Don't discount this guy's insight. He's one of the richest of the richest. He is not an advocate of the gold standard, but he does illustrate a grasp of the hazards associated with fiat currency.

  • 1 vote
Reply#1 - Mon Feb 13, 2012 11:39 PM EST
BD Styers

The second major category of investments involves assets that will never produce anything, but that are purchased in the buyer's hope that someone else -- who also knows that the assets will be forever unproductive -- will pay more for them in the future. Tulips, of all things, briefly became a favorite of such buyers in the 17th century.

This type of investment requires an expanding pool of buyers, who, in turn, are enticed because they believe the buying pool will expand still further. Owners are not inspired by what the asset itself can produce -- it will remain lifeless forever -- but rather by the belief that others will desire it even more avidly in the future.
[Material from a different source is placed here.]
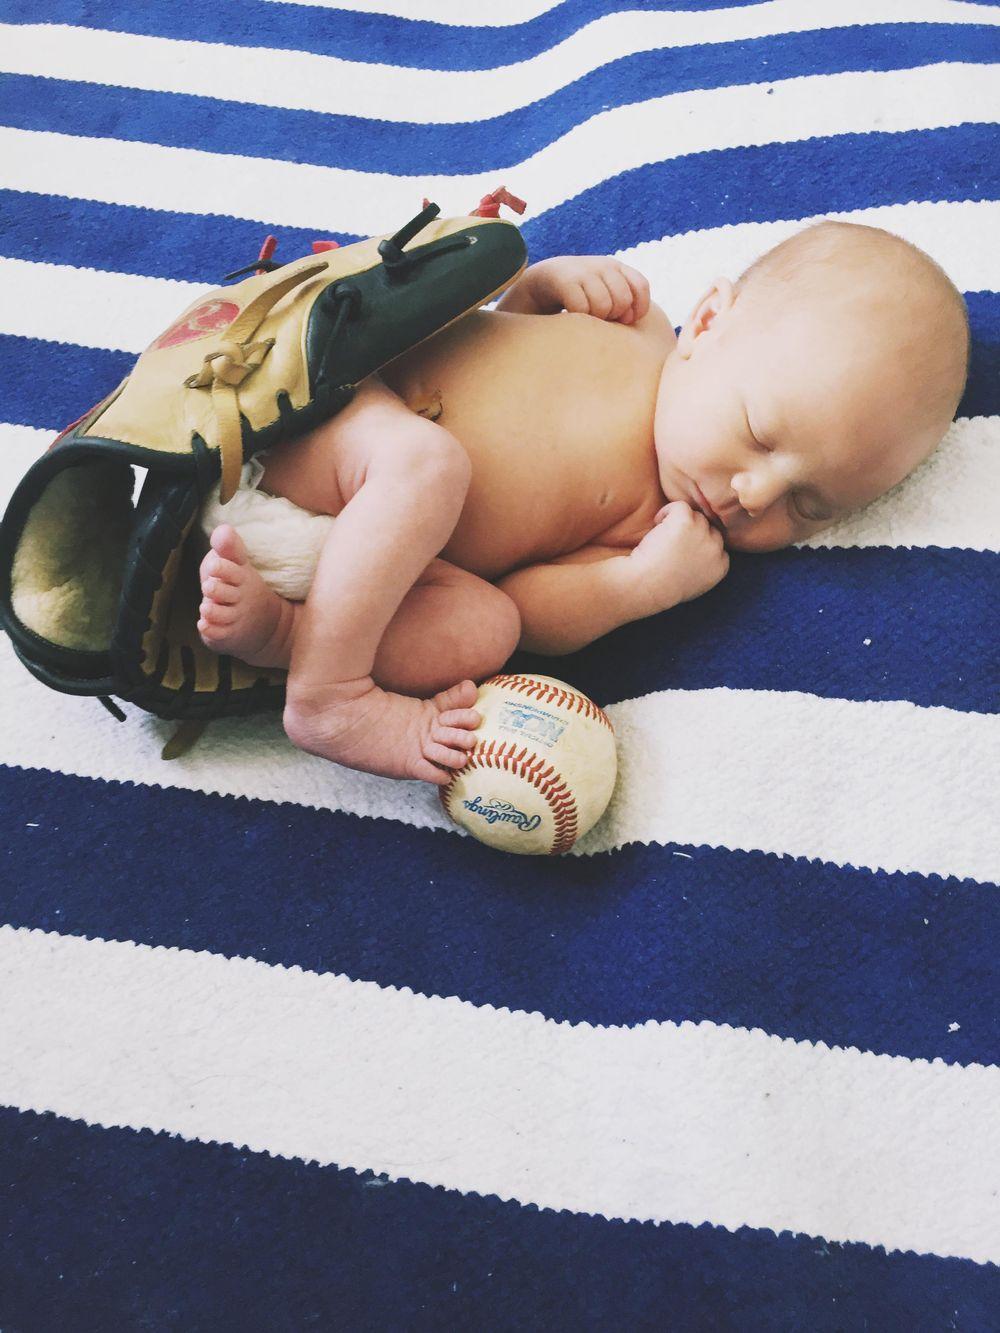 My Nephew's Newborn Photos - image 3 - student project

The major asset in this category is gold, currently a huge favorite of investors who fear almost all other assets, especially paper money (of whose value, as noted, they are right to be fearful). Gold, however, has two significant shortcomings, being neither of much use nor procreative. True, gold has some industrial and decorative utility, but the demand for these purposes is both limited and incapable of soaking up new production. Meanwhile, if you own one ounce of gold for an eternity, you will still own one ounce at its end.

  • 1 vote
Reply#2 - Mon Feb 13, 2012 11:41 PM EST
BD Styers

Admittedly, when people a century from now are fearful, it's likely many will still rush to gold. I'm confident, however, that the $9.6 trillion current valuation of pile A will compound over the century at a rate far inferior to that achieved by pile B.
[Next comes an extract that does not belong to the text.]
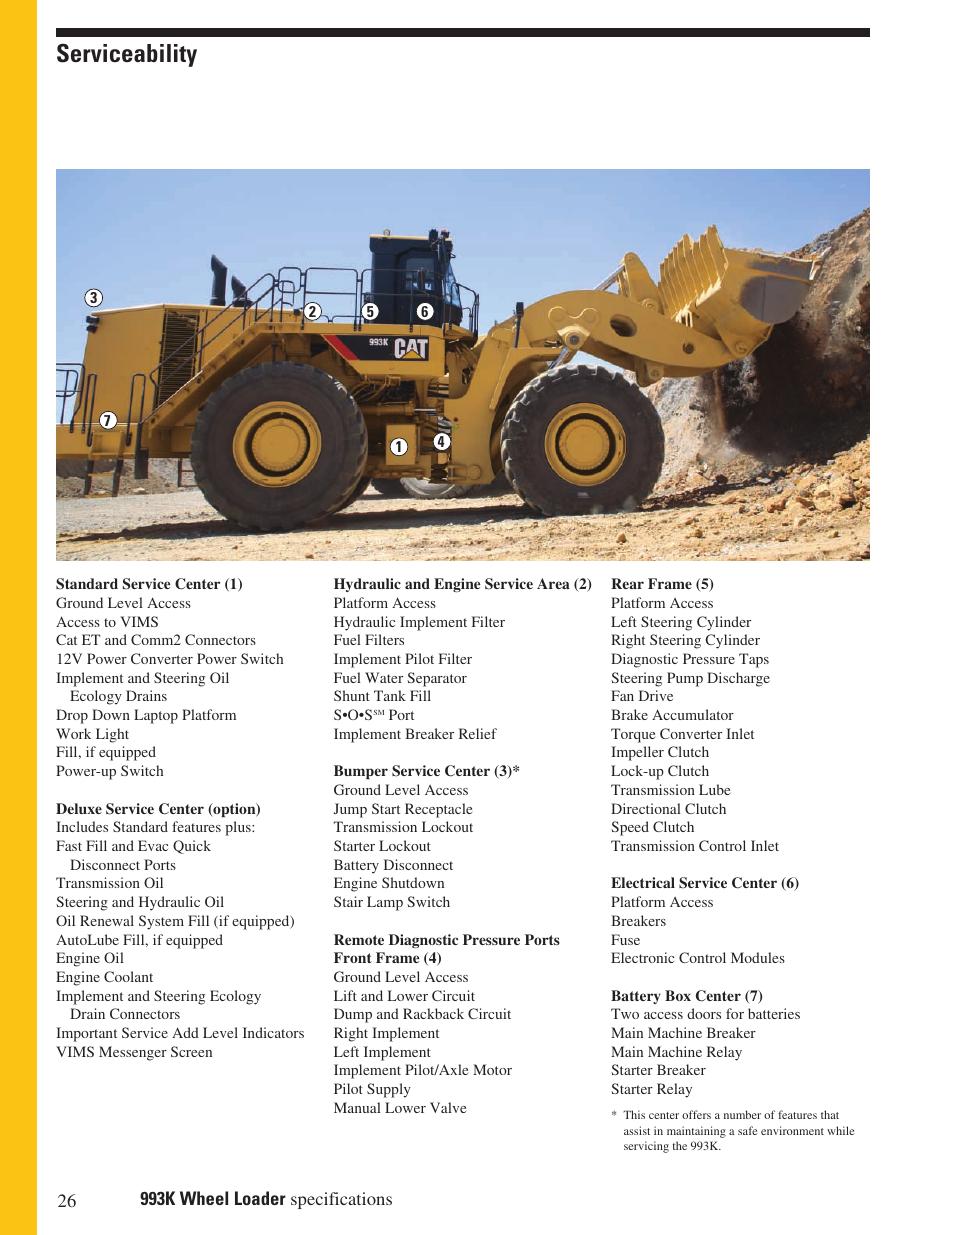 Serviceability | Milton CAT 993K User Manual | Page 26 / 32

Pile A and Pile B, one is gold, the other production assets. They both remain the same. What will change is the value of the currency. The cows may wither, the real estate may burn, and the counterfeiters may perish, but the gold remains the same.

Warren Buffet has confidence in the currency market, places all value in the production asset market while dismissing the the true value of gold -- it is incorruptible. Gold is power.